Comentário por janveneziani

Me sentia exatamente assim: enquanto todos tinham tenis comprados na gringa, eu usava o que meus pais podiam comprar no cooperativa de empregados (bamba ou similar). Almoço em casa, também era sempre “dos deuses”, coisa, aliás, que minha mãe faz até hoje, mesmo sem ter um ‘evento’ específico. Talvez o encanto da vida seja esse: saber que o dinheiro mais compra expectativa do que luxo em si. E que muitas vezes, os menos afortunados, vivem de mais luxo do que os caras com grana: não sabemos quantas lágrimas correm sob tetos de veludo. Um beijo, meu escritor querido!

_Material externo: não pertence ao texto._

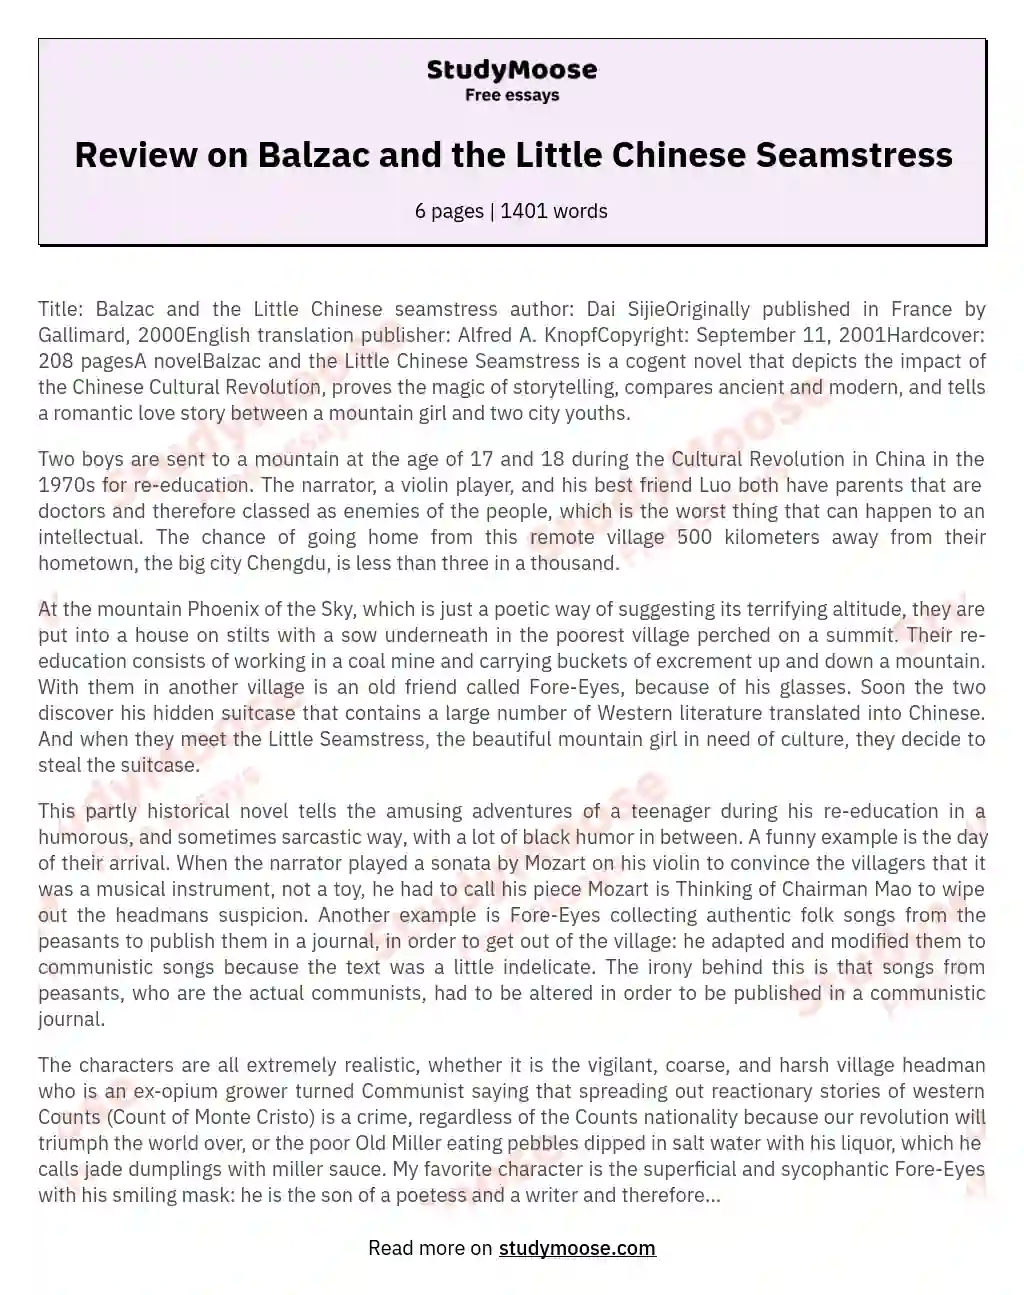 Balzac and the Little Chinese Seamstress: A Tale of Love, Literature, and Revolution essay
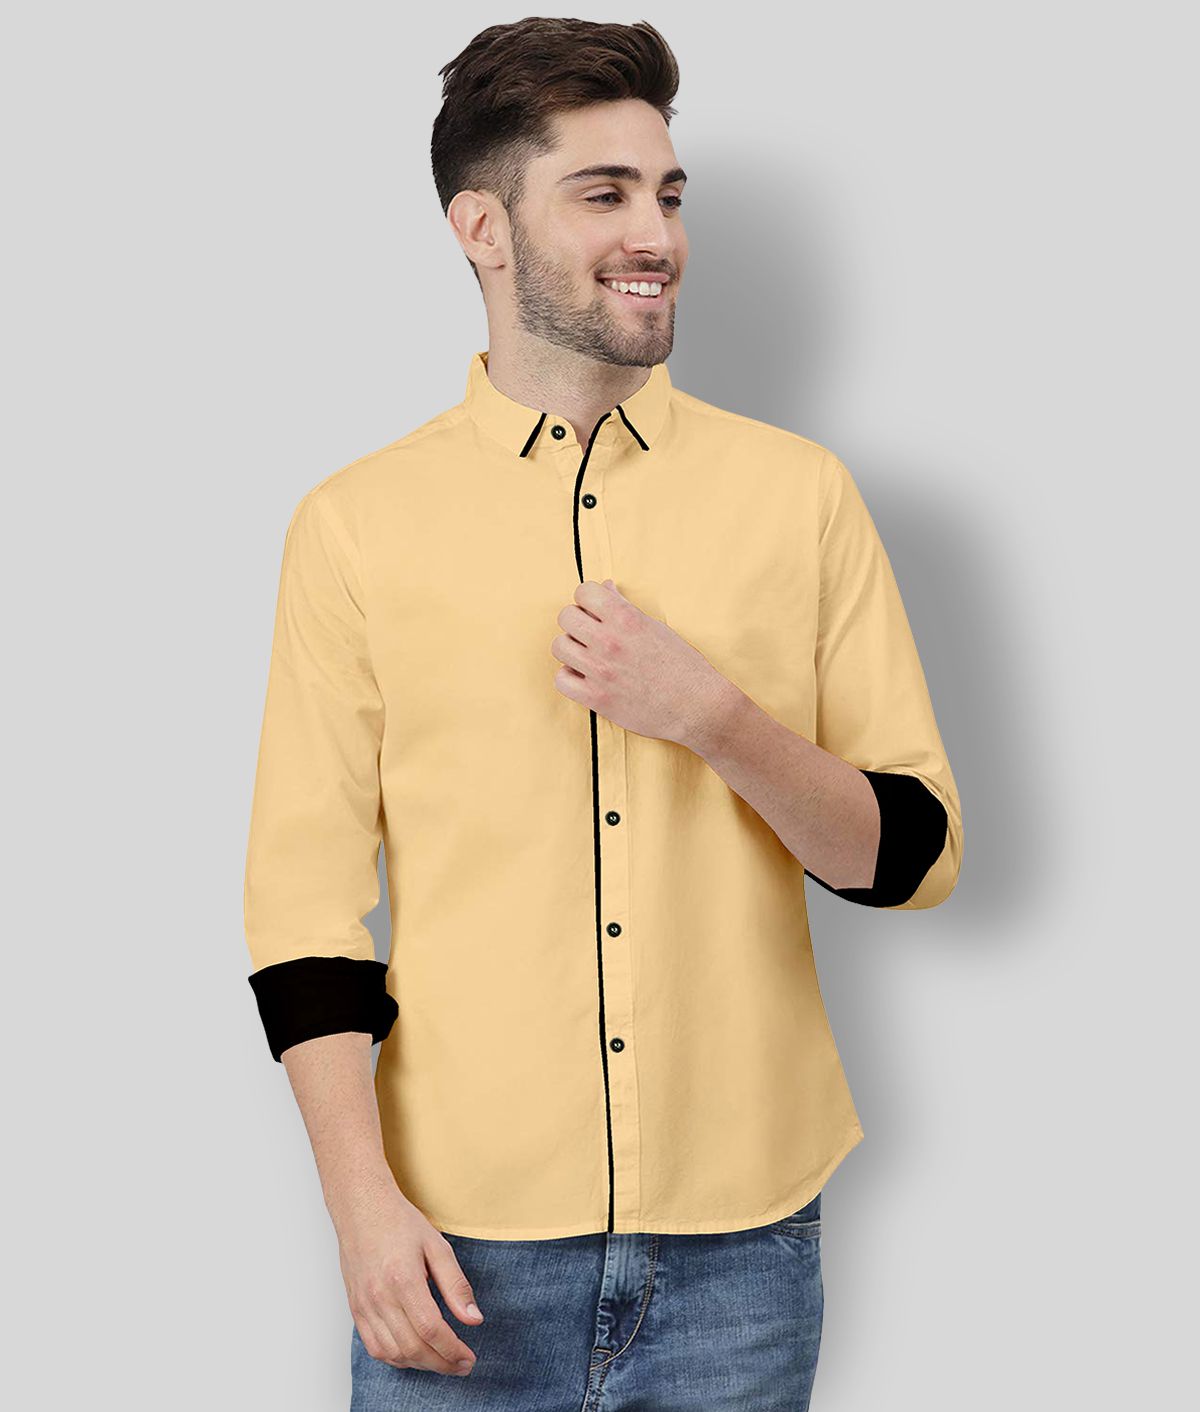     			P&V CREATIONS - Yellow Cotton Blend Regular Fit Men's Casual Shirt (Pack of 1)

Comentário por Mariani Lazari

Mel, você também teve coceiras quando viu um Rebook Pump pela primeira vez na vida e já soube de cara que jamais teria um?

Comentário por Klein

hahahaaha, klein, meus pais sempre cozinharam muito e muito bem e eu me achava super pobre porque nunca tinha comido comida congelada na vida!

Comentário por rboroli

Nossa, Renata! Minha mãe fazia isso tudo aí mas, por outro lado, ela NUNCA comprava nenhum tipo de comida na rua ou restaurantes. Aí que, até hoje, eu acho pedir uma pizza uma das coisas mais míticas do universo!